凝集したタンパク質を元に戻す分子 Hsp104 の構造を解明

【概要】

 国立大学法人東京農工大学工学府生命工学専攻 井上耀介氏(博士前期課程・当時)、東京農工大学工学研究院生命機能科学部門 篠原恭介准教授、養王田正文教授、野口恵一教授、国立大学法人京都大学大学院理学研究科 花園祐矢研究員(現・国立研究開発法人量子科学技術研究開発機構)、竹田一旗准教授、三木邦夫教授、国立大学法人熊本大学発生医学研究所 野井健太郎研究員(現・大阪大学ナノサイエンスデザイン教育研究センター 特任助教(常勤))、小椋光教授(現・熊本大学大学院生命科学研究部)、国立大学法人大阪大学大学院生命機能研究科 川本晃大特任助教(常勤)(現・大阪大学蛋白質研究所 助教)、難波啓一特任教授(理化学研究所生命機能科学研究センター超分子システム動態研究チーム チームリーダー、放射光科学研究センター 副センター長・兼任)、国立大学法人筑波大学計算科学研究センター 重田育照教授らのグループは、細胞内で凝集したタンパク質を再生する分子Hsp104の構造を明らかにしました。X線結晶構造解析・クライオ電子顕微鏡解析・高速原子間力顕微鏡(高速AFM)の技術を用いてこれまでに知られていなかったHsp104の構造を決定しました。この成果により今後、タンパク質の異常凝集が引き起こすと考えられている神経変性疾患など病気の基礎的な理解へ向けた貢献が期待されます。

【今後の展開】

 今回得られた成果は、まだ詳細が分かっていないHsp104が基質(凝集したタンパク質)を認識し捕捉するしくみを明らかにする手がかりとなるものであると考えています。
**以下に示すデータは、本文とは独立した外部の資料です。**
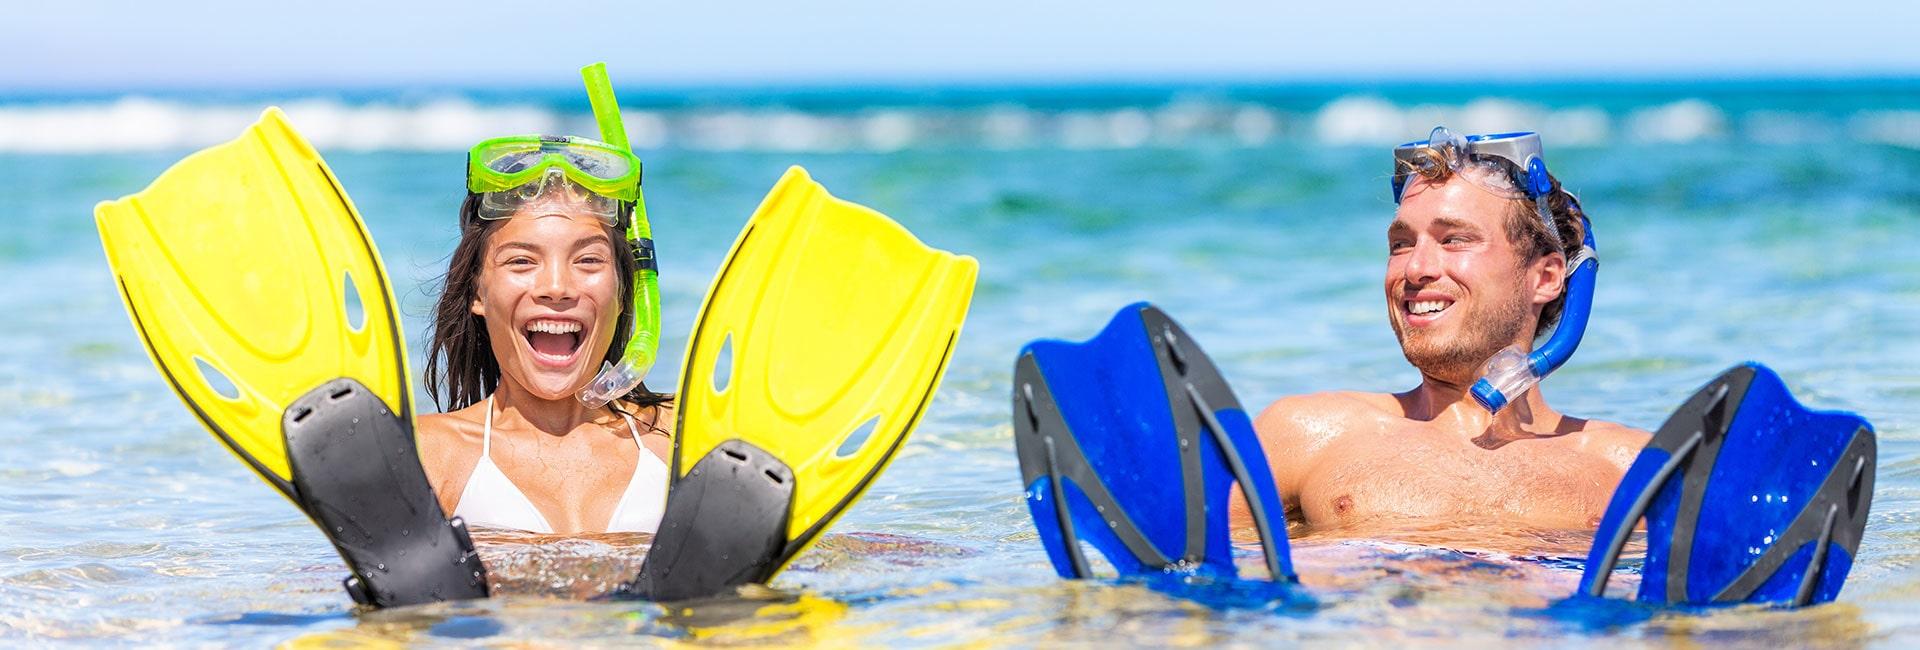 Los Cabos Water Activities
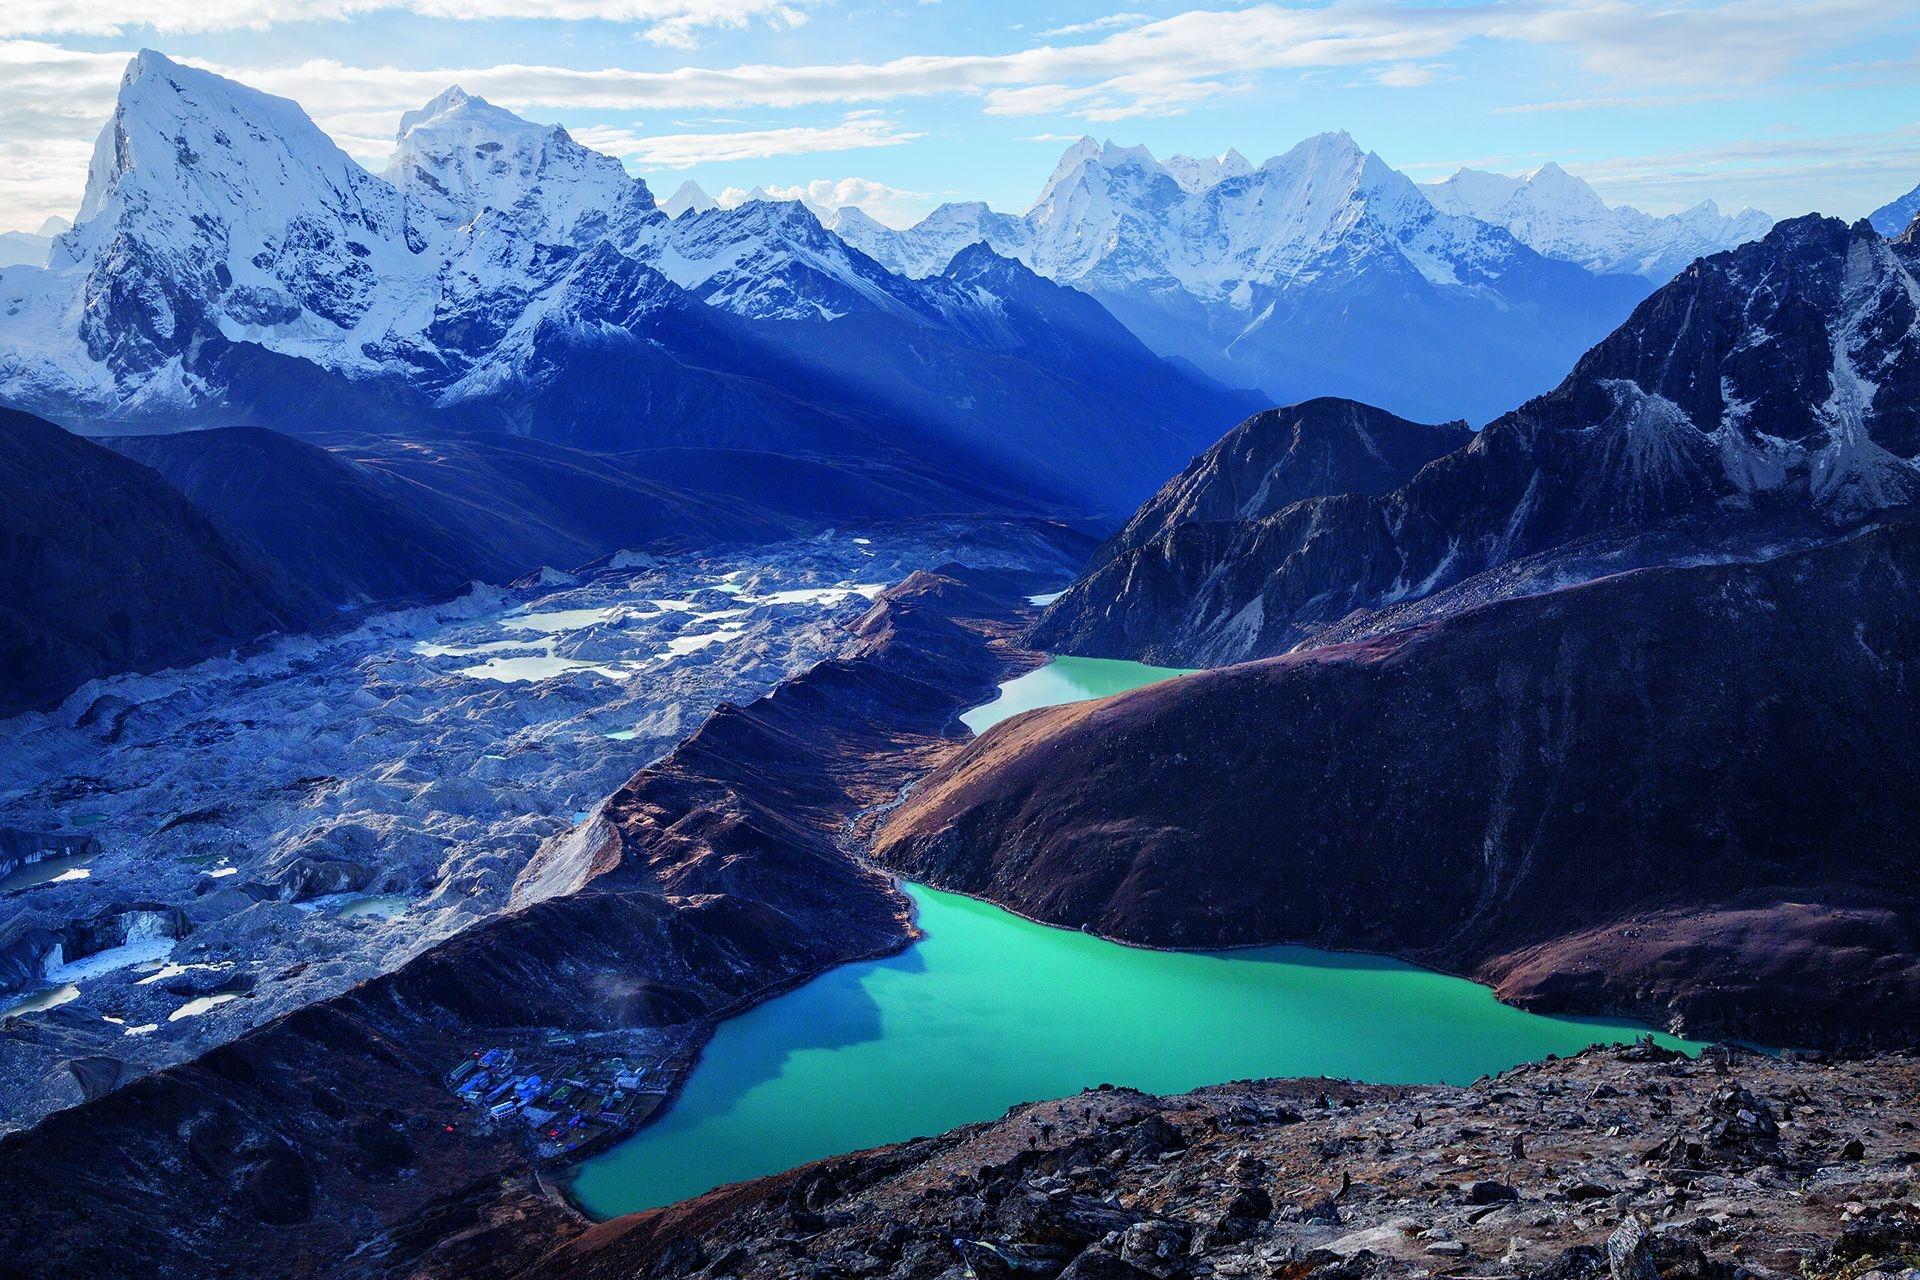 墎其爾村坐落於部分水源來自尼泊爾果宗巴冰川的一座湖邊。雖然這座村落並沒有立即的淹水危險,但冰川湖泊水位上升,已對喜馬拉雅地區的其他村落造成威脅。GETTY IMAGES/FENG WEI PHOTOGRAPHY

今後、さらに研究をすすめることで基質の一つである病気の原因となるタンパク質凝集線維とHsp104が反応するしくみの解明や反応効率の高い改変型Hsp104の開発につながることが期待されます。

【論文情報】

    • 著者:Yosuke Inoue#, Yuya Hanazono#, Kentaro Noi#, Akihiro Kawamoto#, Masato Kimatsuka, Ryuhei Harada, Kazuki Takeda, Ryoichi Kita, Natsuki Iwamasa,Kyoka Shibata, Keiichi Noguchi, Yasuteru Shigeta, Keiichi Namba, Teru Ogura, Kunio Miki, Kyosuke Shinohara*, Masafumi Yohda  (#共同筆頭著者)(*責任著者)
    • 掲載雑誌:Structure(米国科学誌)
    • doi:https://doi.org/10.1016/j.str.2021.02.002 
    • URL:https://www.cell.com/structure/fulltext/S0969-21262100046-0

【詳細】 プレスリリース本文 (PDF432KB)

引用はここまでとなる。